In this study, we aimed to train (Stage 1), calibrate (Stage 2) and evaluate (Stage 3) a binary ML classifier (‘the classifier’) designed to reduce study identification workload in maintaining the CCSR, with an acceptably low corollary risk of ‘missing’ records of ‘included’ (eligible) studies. We therefore needed to assemble three separate data sets from the CCSR screening workflows (see below and ‘Availability of data and materials’).
Training (Stage 1)
In Stage 1, we assembled a training data set containing bibliographic title-abstract records of all study reports (articles) manually screened for eligibility for the CCSR from its first search date (20th March 2020) up until 18th October 2020. Embase.com records had only been recently added to the CCSR's sources by mid-October and a backlog of medRxiv preprints was still being processed. As the CCSR's other sources were trial registers (not bibliographic title-abstract records), most of the training set records were from PubMed. These records had originally been identified using conventional Boolean searches of selected electronic bibliographic databases and trials registries, before being manually screened and labelled as either ‘included’ (eligible for the CCSR) or ‘excluded’ (ineligible) by Cochrane information specialists or the Cochrane Crowd6. After removing trials registry records, we were left 59,513 records, of which 20,878 were labelled as ‘included’ in the CCSR, and 38,635 were ‘excluded’. These records were imported into EPPI-Reviewer10, assigned to code sets, and used to train a logistic regression classifier using tri-gram ‘bag of words’ features, implemented in the SciKit-Learn python library, with ‘included’ records designated as the positive class (class of interest) and ‘excluded’ records as the negative class.
Calibration (Stage 2)
In Stage 2, we assembled a calibration data set containing 16,123 similar records of study reports manually screened for eligibility for the CCSR between 19th October and 2nd December 2020, again labelled as ‘included’ (6,005 eligible records) or ‘excluded’ (10,118 ineligible records) by the same people and process, and with trials registry records having again been removed.
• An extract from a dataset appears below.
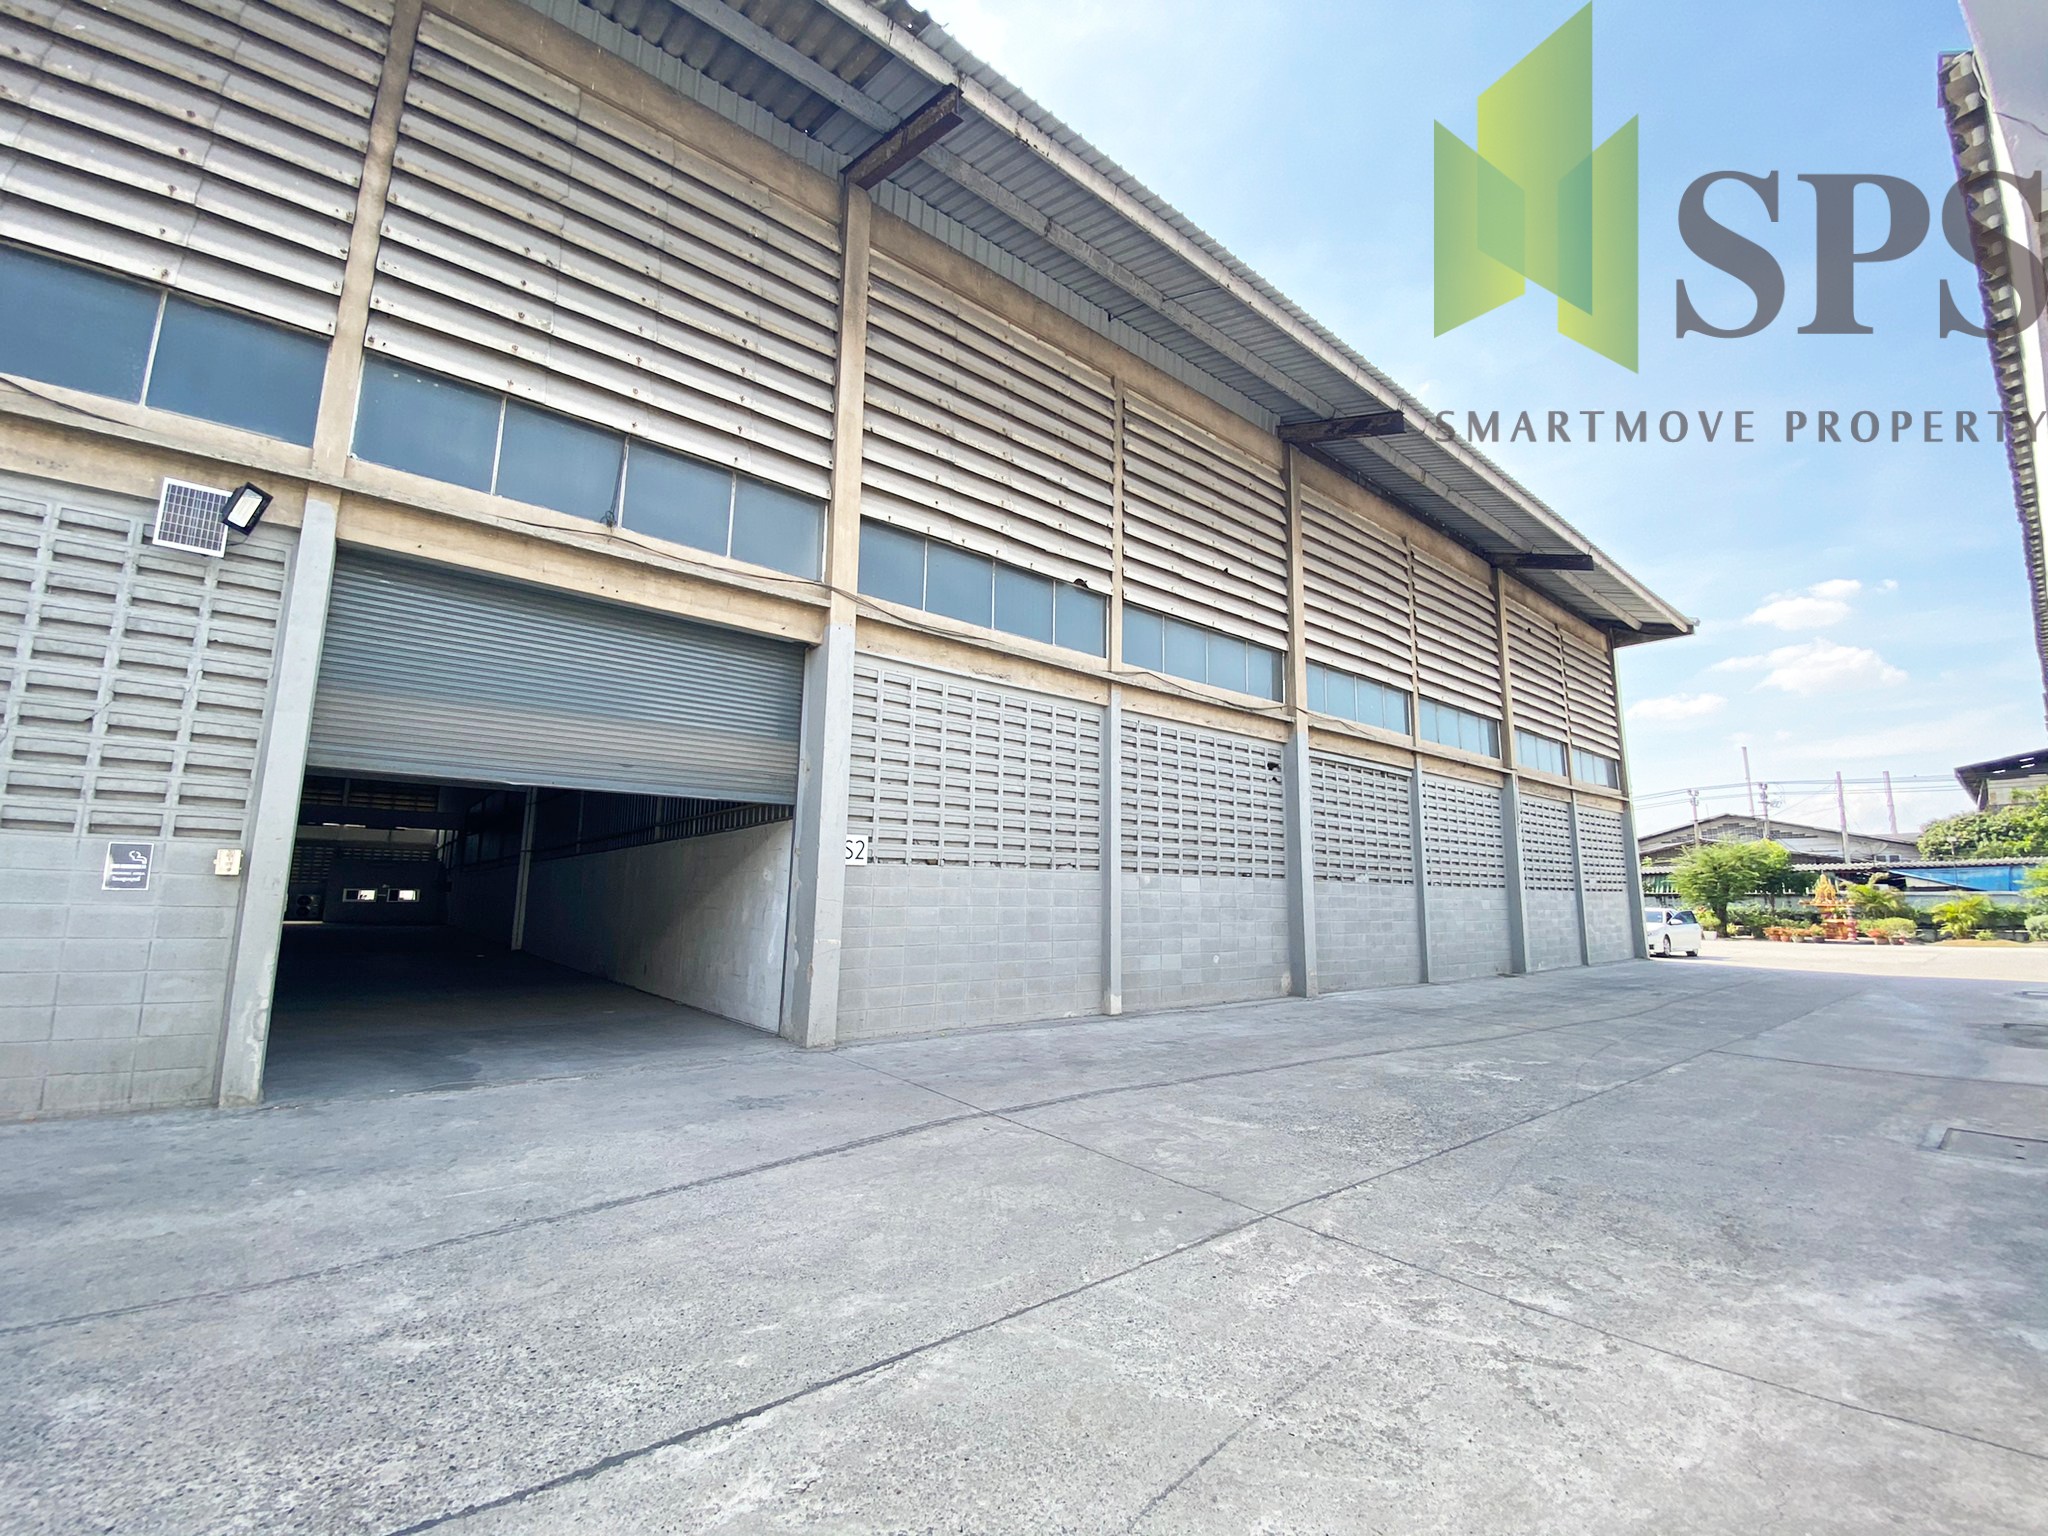 Factory, Warehouse for RENT at Bangpoo Sukhumvit road, Samutprakan / โกดัง, โรงงานสำหรับเช่า ติดสถานีไฟฟ้า BTS สายสีเขียว ถนนสุขุมวิท(Property ID: SPS-PPW139)

The records were imported into EPPI-Reviewer, assigned to code sets, and used to calibrate the classifier developed in Stage 1. Specifically, we applied the classifier to 16,123 calibration records, which automatically assigned a score (0-100) to each record. We then computed the threshold score that captured > 99% of the ‘included’ records present in this data set (i.e. Recall > 0.99). 0.99 is the threshold level of recall that is currently required for ML classifiers to be deployed in Cochrane systems and workflows10. We also computed standard performance metrics, namely: (cumulative) recall, (cumulative) precision and net workload reduction.
Evaluation (Stage 3)
In Stage 3, we assembled an evaluation data set of similar records containing 2310 includes and 2412 excludes of study reports manually screened for eligibility for the CCSR between 4th and 19th January 2021, once again labelled as ‘included’ (2,310 eligible records) or ‘excluded’ (2,412 ineligible records), with trials registry records removed. The records were imported into EPPI-Reviewer, assigned to code sets, and used to evaluate the classifier developed in Stage 1. Specifically, we applied the classifier to 4,722 evaluation records, identified ‘included’ and ‘excluded’ records scoring above and below the threshold score we had computed in Stage 2; and then we computed (cumulative) recall, (cumulative) precision and net workload reduction. We also analysed characteristics of ‘included’ study reports that would have been ‘missed’ by the workflow if the classifier had been implemented.
Finally, we compared key characteristics of study reports between the three study data sets described above in this section (training, calibration, evaluation), to check post-hoc that they comprised similar enough sets of records to validate our results from calibrating and evaluating the classifier.